Commercial Metals Company announced net sales of $1.1 billion for earnings of $7.2 million for first quarter 2017, ending Nov. 30, 2016. Metal margins in the Americas Mills segment took a hit of 17 percent in Q1 due to lower selling prices resulting from continued import pressure, scrap price volatility and market uncertainty. Average selling price fell $7 per ton or 10 percent compared to Q1 2016.
Rebar imports have negatively impacted margins in the United States. A preliminary countervailing duty ruling on rebar imports from Japan, Taiwan and Turkey has been delayed until February 21. A second remand of the 2014 antidumping case against Turkey is due from Commerce on January 13. Rebar imports declined 9 percent year over year in CMC’s first quarter but are still near historic highs, preventing U.S. companies from improving mill utilization rates and margins, said CEO Joseph Alvarado.
“Turkey is one of the largest importers into the U.S. and they seem to be unphased by the cases that have been filed,” said Alvarado during the earnings call. “I think longer-term we’re more optimistic with the new administration that there will be a more fair look at what Turkey is doing and the unfairly imported products.”
A preliminary Dec. 7, 2016 review by Commerce found almost no applicable duty margins for rebar produced by Mexico’s Deacero and no subsidy rate, which could mean an increase of rebar imports to the U.S. from Mexico
“Certainly we’re monitoring the Mexico situation and hope that Mexico will not disrupt the market, but certainly, said chief operating officer Barbara Smith, “ I’m sure they are taking a look at it and trying to see where they can participate.”

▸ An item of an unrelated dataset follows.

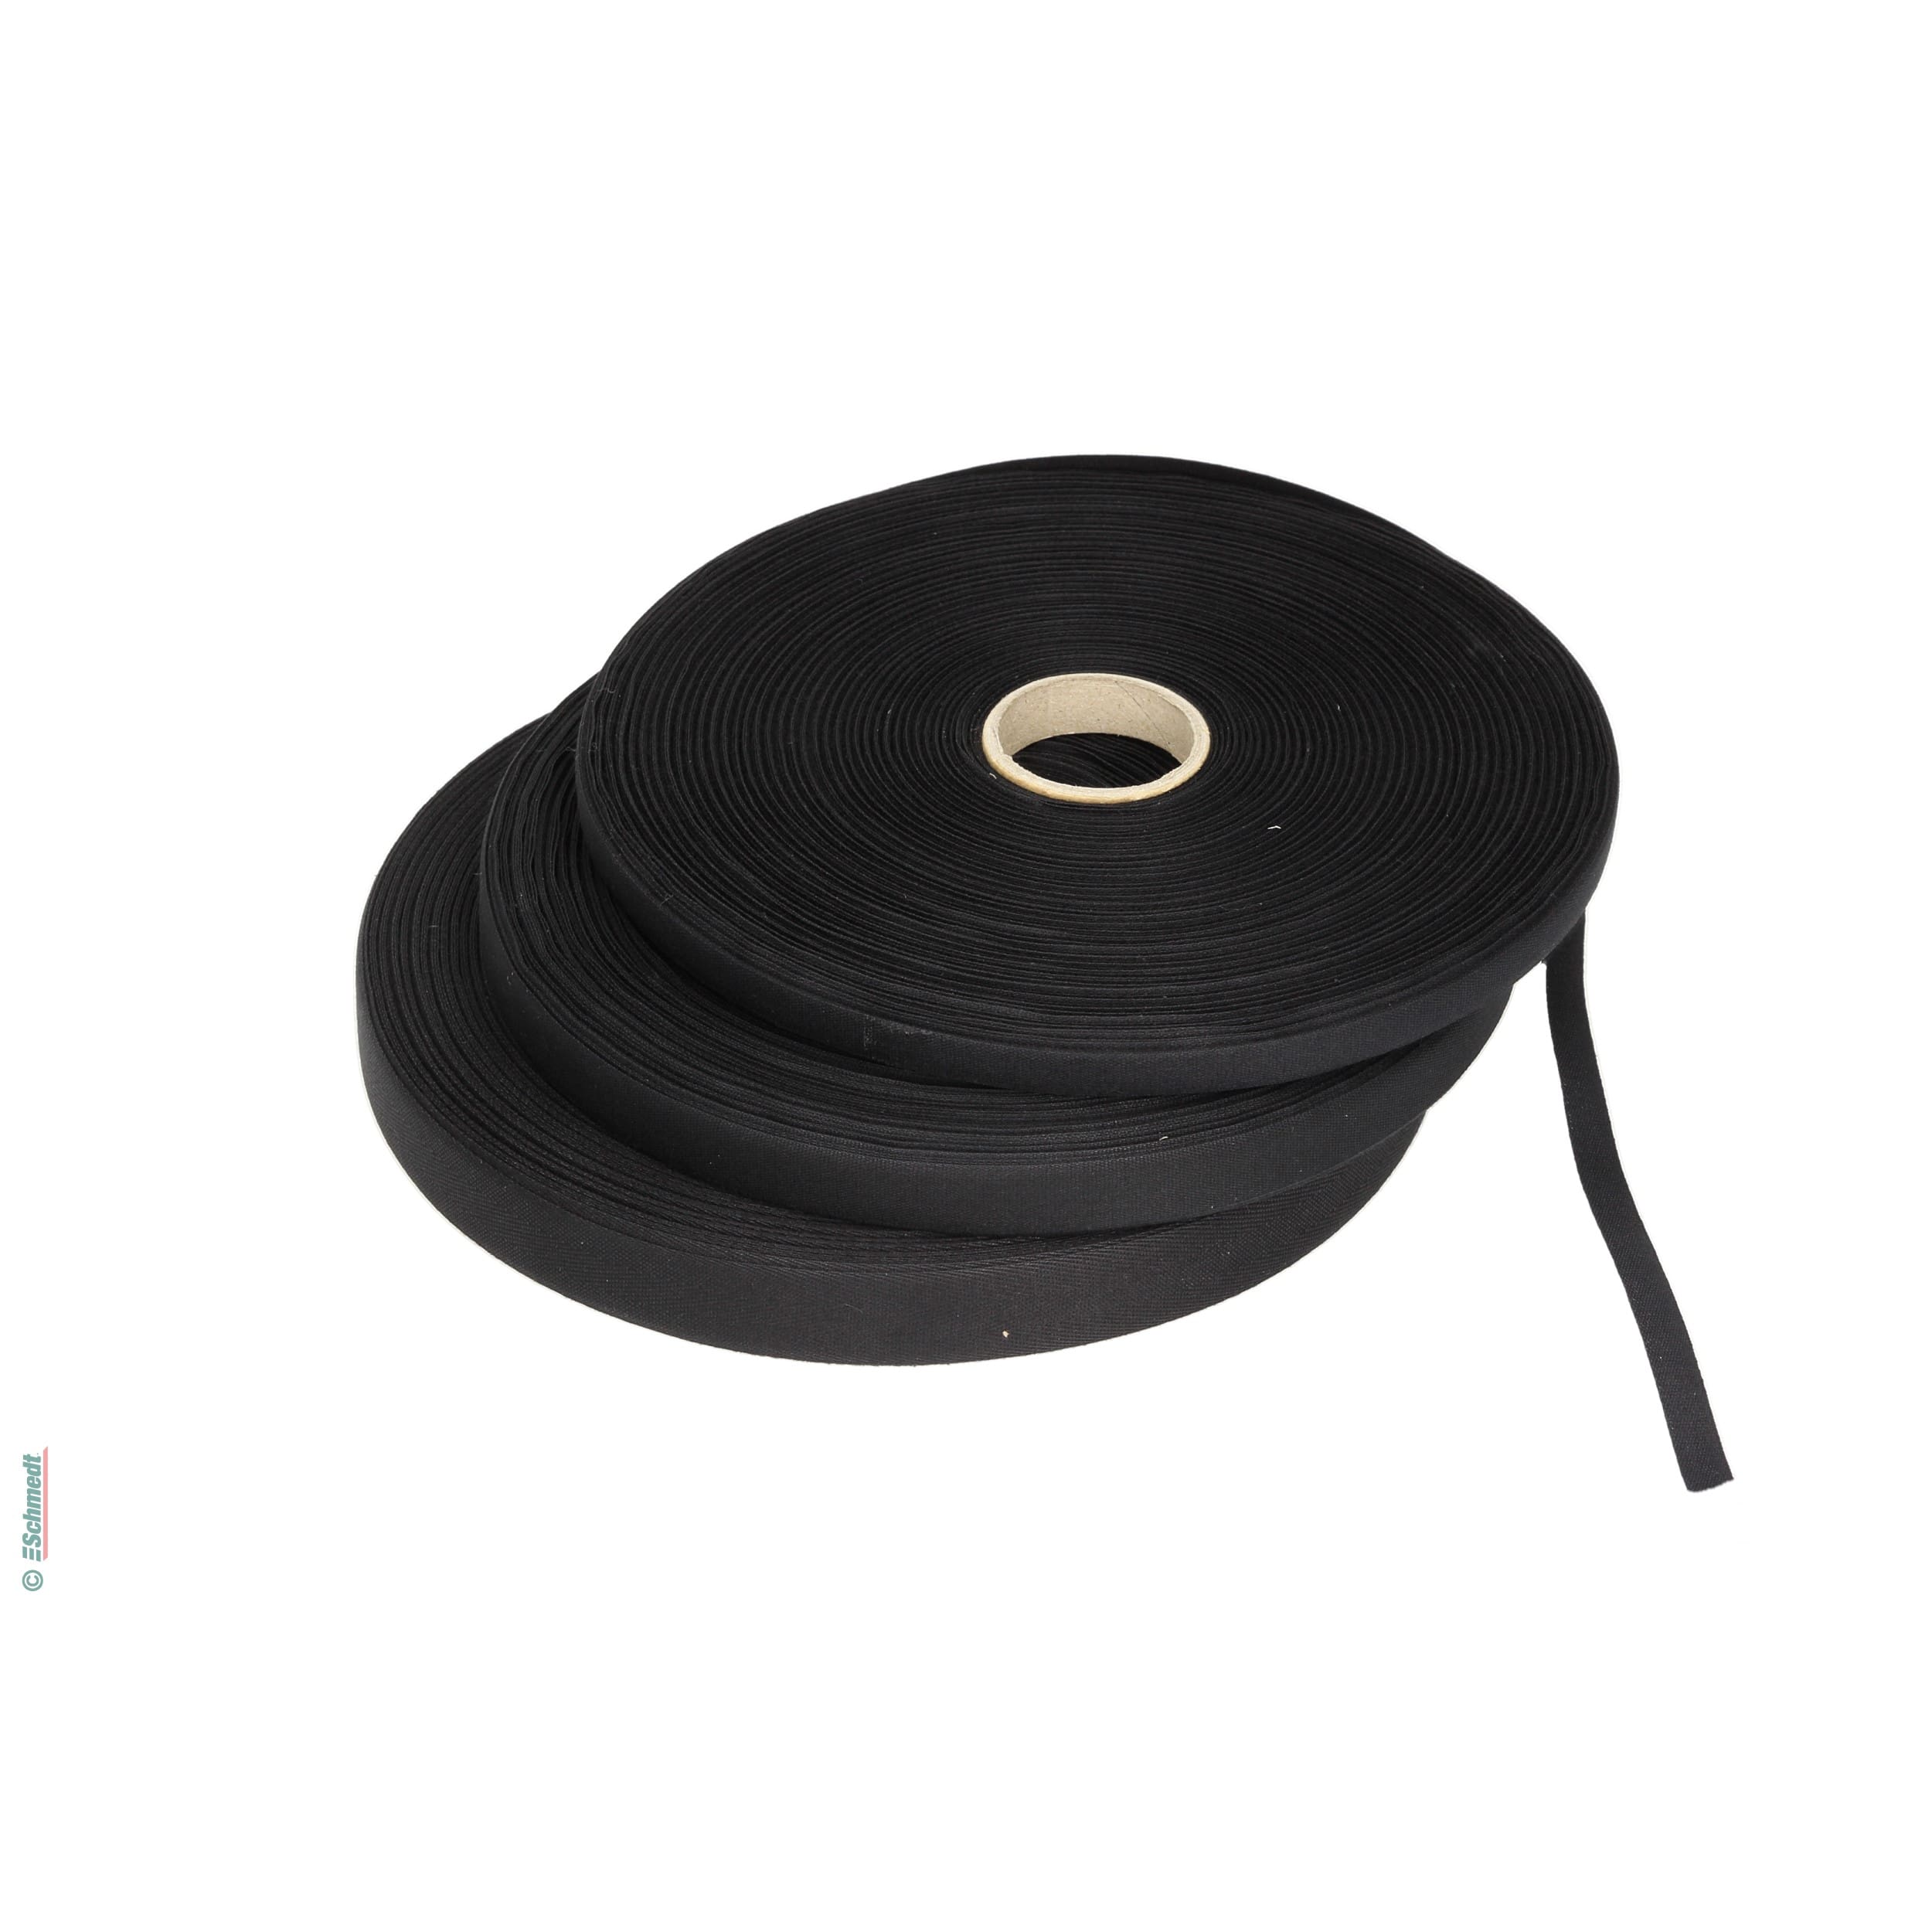 Cinta para carpetas - cinta fina de hilo - Anchura (en mm) 20 - Color negro - para cerrar carpetas y libros...
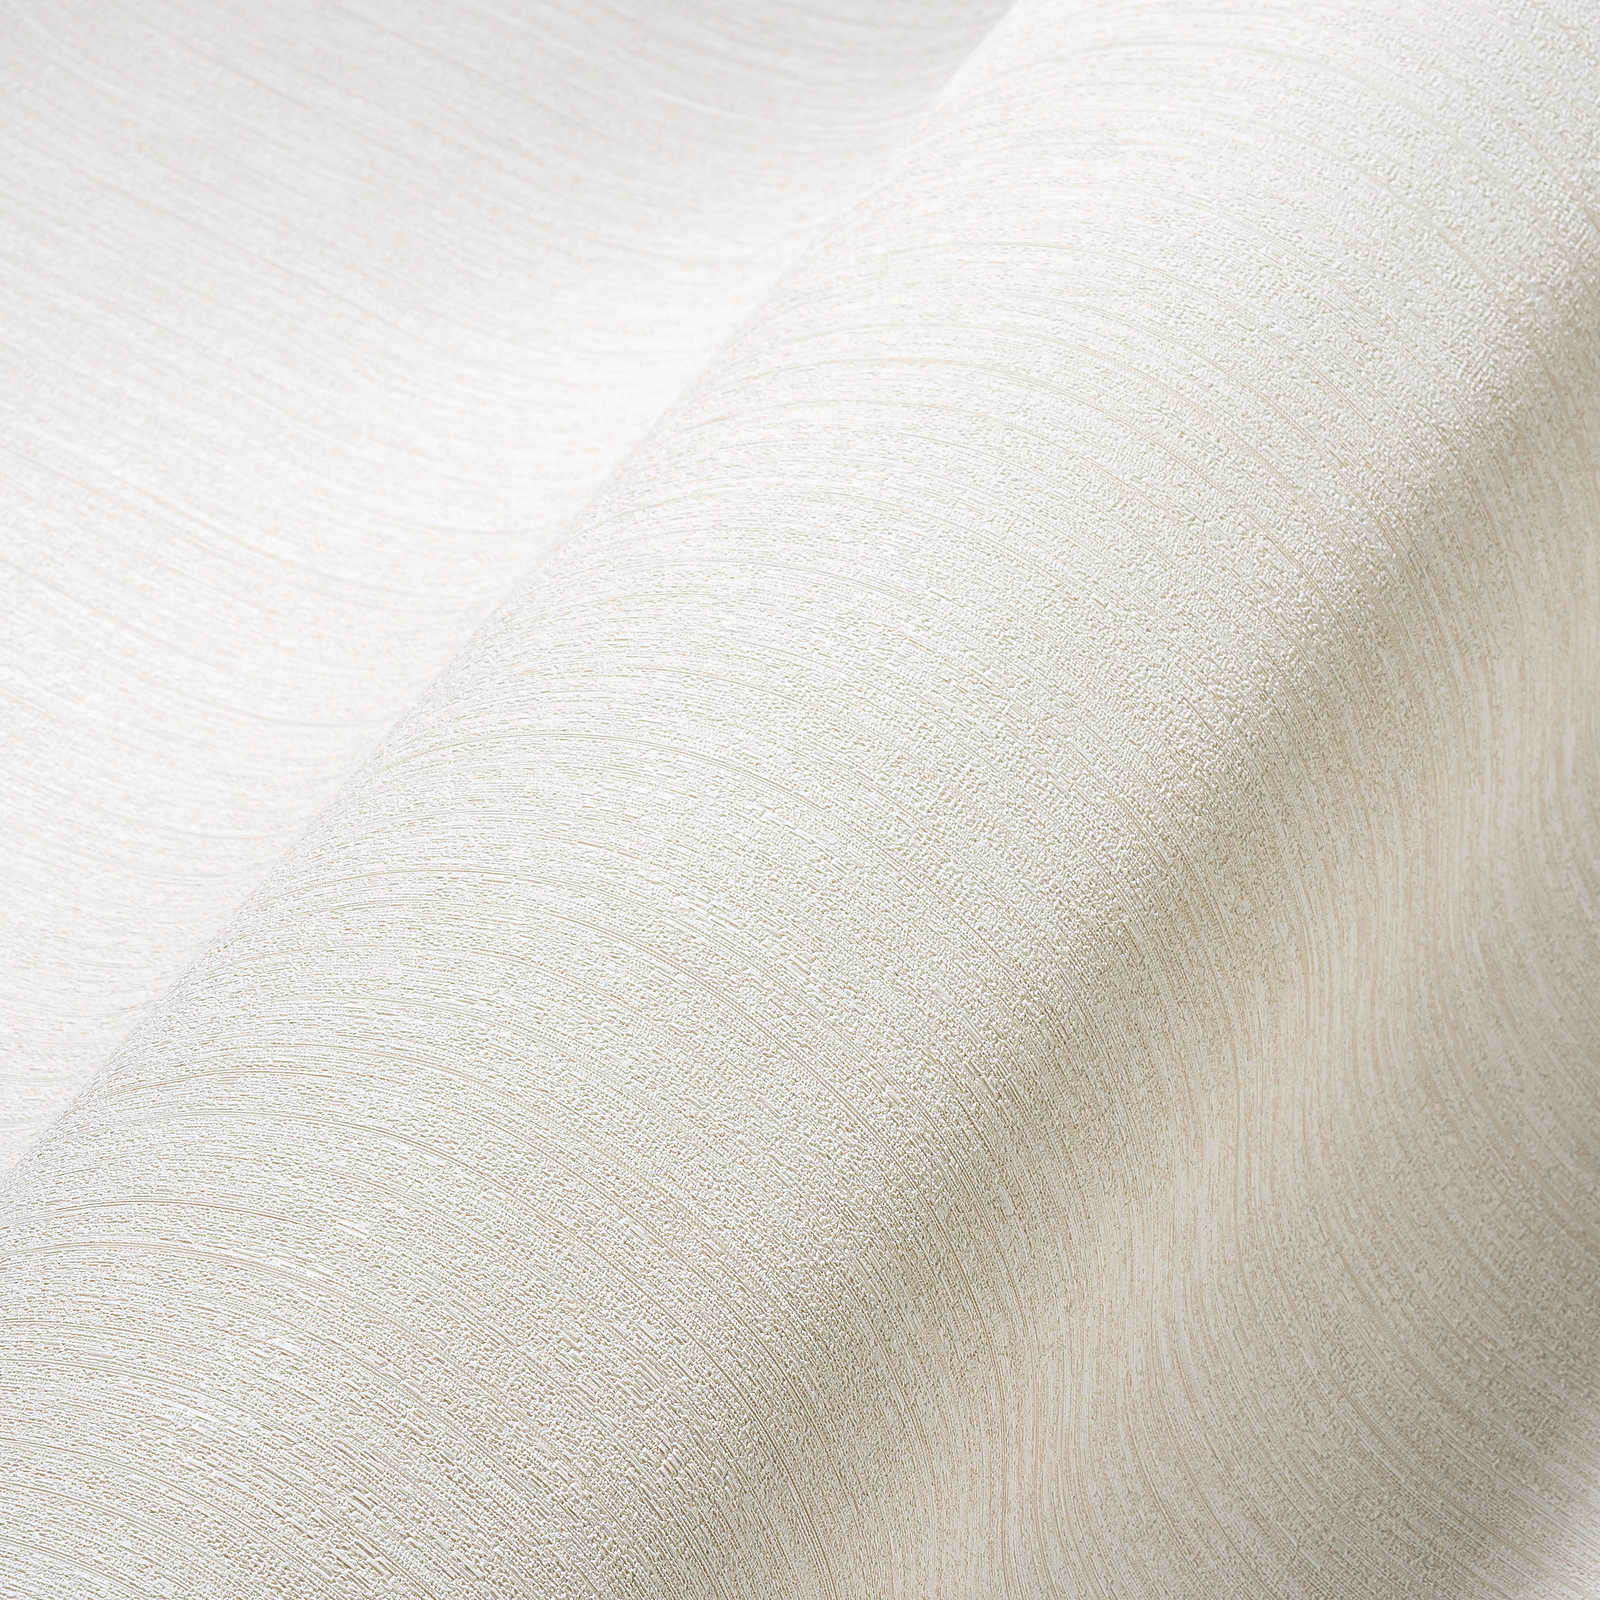             Crèmewit zijdemat behang met natuurlijk structuureffect

Taiwan and Japan have cut back some on rebar exports to the U.S. following filing of the trade cases but others have moved to fill the space, said Alvarado. “To date we’re not seeing significant shifts in behavior patterns.”
Rising scrap prices have meant input costs are higher for fabrication, but because the company is still servicing backlogs from the prior two or three quarters, CMC has not been able to pass price increases through the fabrication business as yet.
“This is also where the import situation factors into it, because fab business is often you are bidding against import pricing. So it becomes a complicated – a bit of a complicated scenario that we just don’t see fab pricing turning yet, we’re anticipating that eventually we will begin to see and have an ability to move fab prices higher. But this phenomenon in the fab segment is certainly going to continue to haunt us,” said Smith. “Having said that, there is a positive benefit to scrap prices moving up in our recycling segment and hopefully we will also begin to see or we will see margin expansion first in the mill segment and then fab will be lagging.
Said Alvarado on scrap pricing and availability, “There is a strong correlation between flows and prices and as prices go up, flows tend to increase pretty significantly. Likewise when prices start going down people sit on metal.”
Automotive and appliance scrap tends to sit until prices increase, while industrial scrap moves at a more steady flow, said Alvarado.
“We think there’s an ample reservoir of scrap in the United States, we don’t have any concern about that. Increased demand from domestic mills, not only mini-mills but integrated mills, as their operating rates increase, will also push prices up and as prices go up we expect the flows will become more ready.”
The CMC executives were asked if the wall that president-elect Trump hopes to build on the U.S./Mexico border will impact rebar demand. The answer was yes, but it has not been factored into CMC’s business modeling at this time. Chief financial officer Mary Lindsey thought the chance of an adjustable border tax being implemented is “slim to none.”
Said Lindsey, “We certainly do import product into the US from outside the US as you know and that obviously would have an impact on that business because it would increase the cost basically by 35%. But I don’t think we’re losing a lot of sleep over the possibility of that of that happening.
“I think there are other potential tax proposals by the administration that are more likely to benefit all of the US manufacturing just by virtue of lower tax rates overall and the possibility to repatriate foreign earnings. This is the least likely tax proposal I think to actually get traction.”
What is being watched carefully is infrastructure bills and funding which, Lindsey believes will eventually be passed. CMC is focusing on how much additional product they could put into the market and what labor needs would be necessary to ramp up to demand. Because of time required to pass bills through Congress and get plans to the steel order stage, activity increase is not expected until the second half of 2017.
“My personal view is that would be more related to the prior FAST Act that was passed and the fact that a number of states have taken action to increase gasoline or sales and use tax for their matching funds associated with the previously passed FAST legislation. Any new legislation that would come out under the Trump administration for reinvestment in infrastructure probably won’t impact us until fiscal ’18, which incidentally will be nicely timed with the startup of our Durant facility.”
The Durant facility is a new micro mill in Durant, Oklahoma that is expected to begin shipping spooled rebar in fall 2017. Spooled rebar has a no-twist design which alleviates the challenges associated with the twisting found in traditional loose-wound coiled rebar. The new product is very tightly wound on the spool and produces less waste for fabricators.